Well these are the new seeds I’m sowing. On Thursday, I’m gathering a group of friends together who have very kindly agreed to read through my comedy drama. I need to hear whether it is…erm…actually erm..funny and then, if it is, then I’m keen to film it or record it for radio. Other news is that I have a new writing partner (I say new…I’ve never actually had one before, the very funny Ruth D’Silva) We will be messing around and creating havoc soon, watch this space. It’s very exciting. Playwriting class is about to end this term and once again has been inspiring and enjoyable and all who sail in the ship on a wednesday morning continue to provide anchor, buoyancy and udder when the stormy seas prevail.
I cannot imagine where my creativity would have landed without it and especially in the early days when I was recovering from vocal surgery and could not express myself.
Last but certainly not least, I’m actually re visiting that time and working on a new piece with the writer Jo Harper about losing my voice and how I overcame the adversity, found another muscle to work and ran the marathon. We’re collating material and Jo is working out how it can all piece together. Our first port of call is the Bush Theatre’s submission window for Theatre makers, so we need to get our proposal in about two weeks. Either way, we want to get the show moving and both have a good feeling about it.

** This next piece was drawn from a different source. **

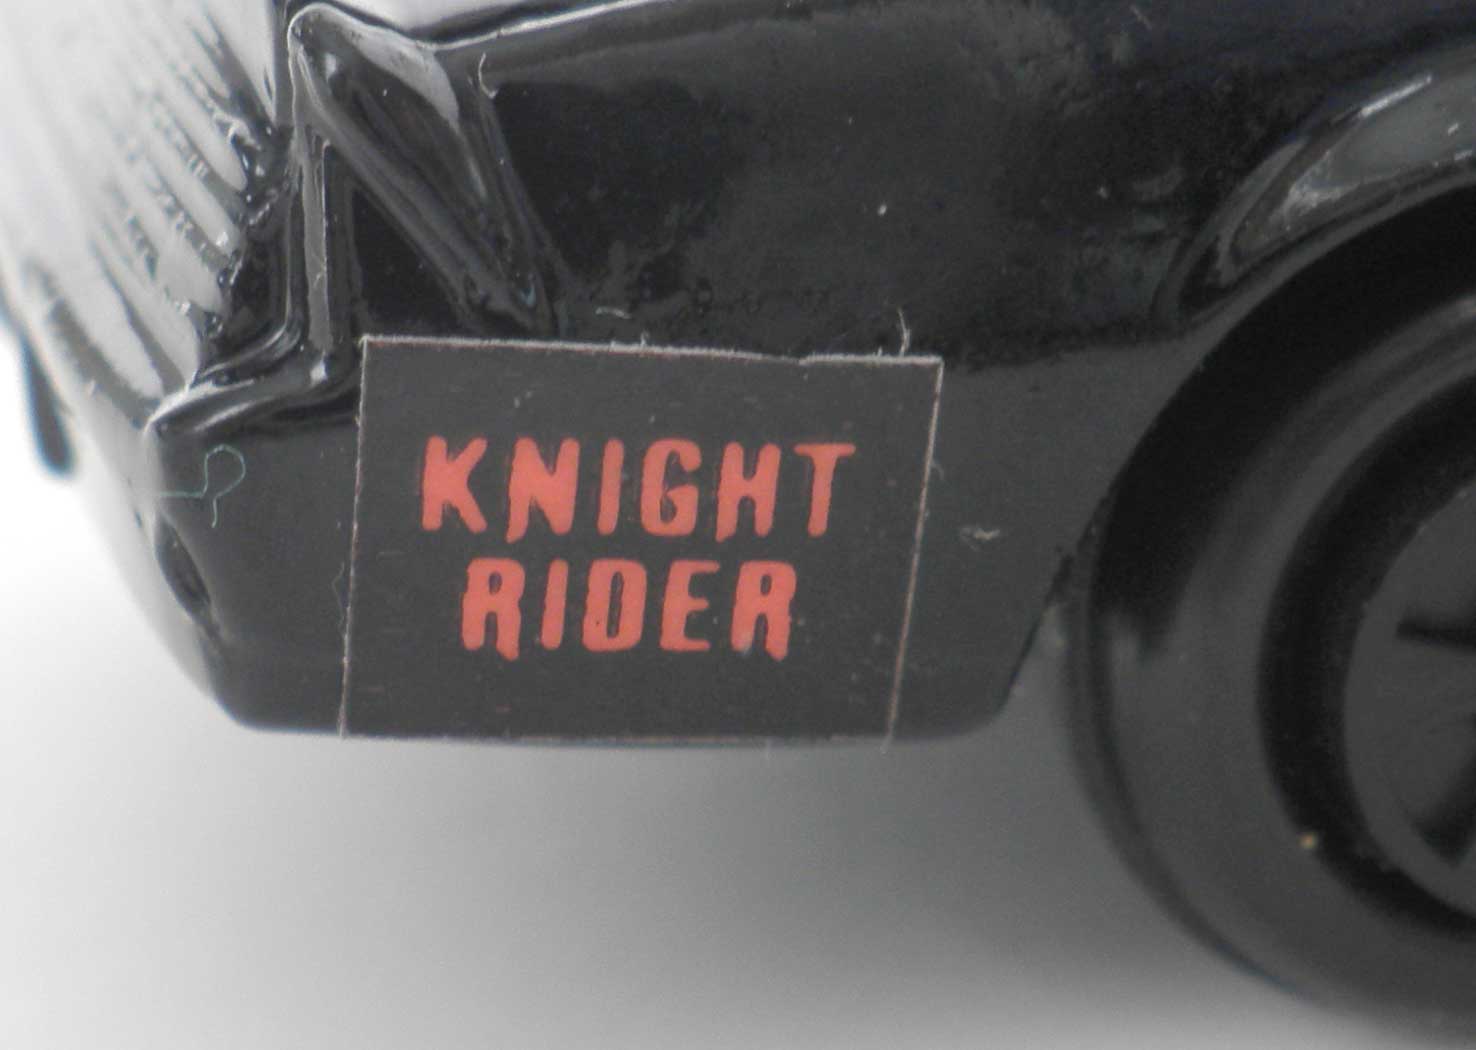 ERTL : Knight Rider (K2000) K.I.T.T. - ech 1/64 (1983)

So, I’ve just had a look at info on the Van Gogh painting, ‘The Sower’ above and found this quote from the man himself when talking about how he held laborers up to a high standard of how dedicatedly he should approach painting.

One must undertake with confidence, with a certain assurance that one is doing a reasonable thing, like the farmer who drives his plow… (one who) drags the harrow behind himself. If one hasn’t a horse, one is one’s own horse.” Well said Vincent! I’ll keep sowing then. I guess I’m the horse pulling my stuff along, but I’m feeling strong so can cope…..back to work and keep moving and onwards! Oh and on another lighter note, I’m pencilled for an ad. crossing fingers for it before christmas. Wonder if Vincent would say it’s a HB pencil or 4B…I never know how heavy they really press on them these days!!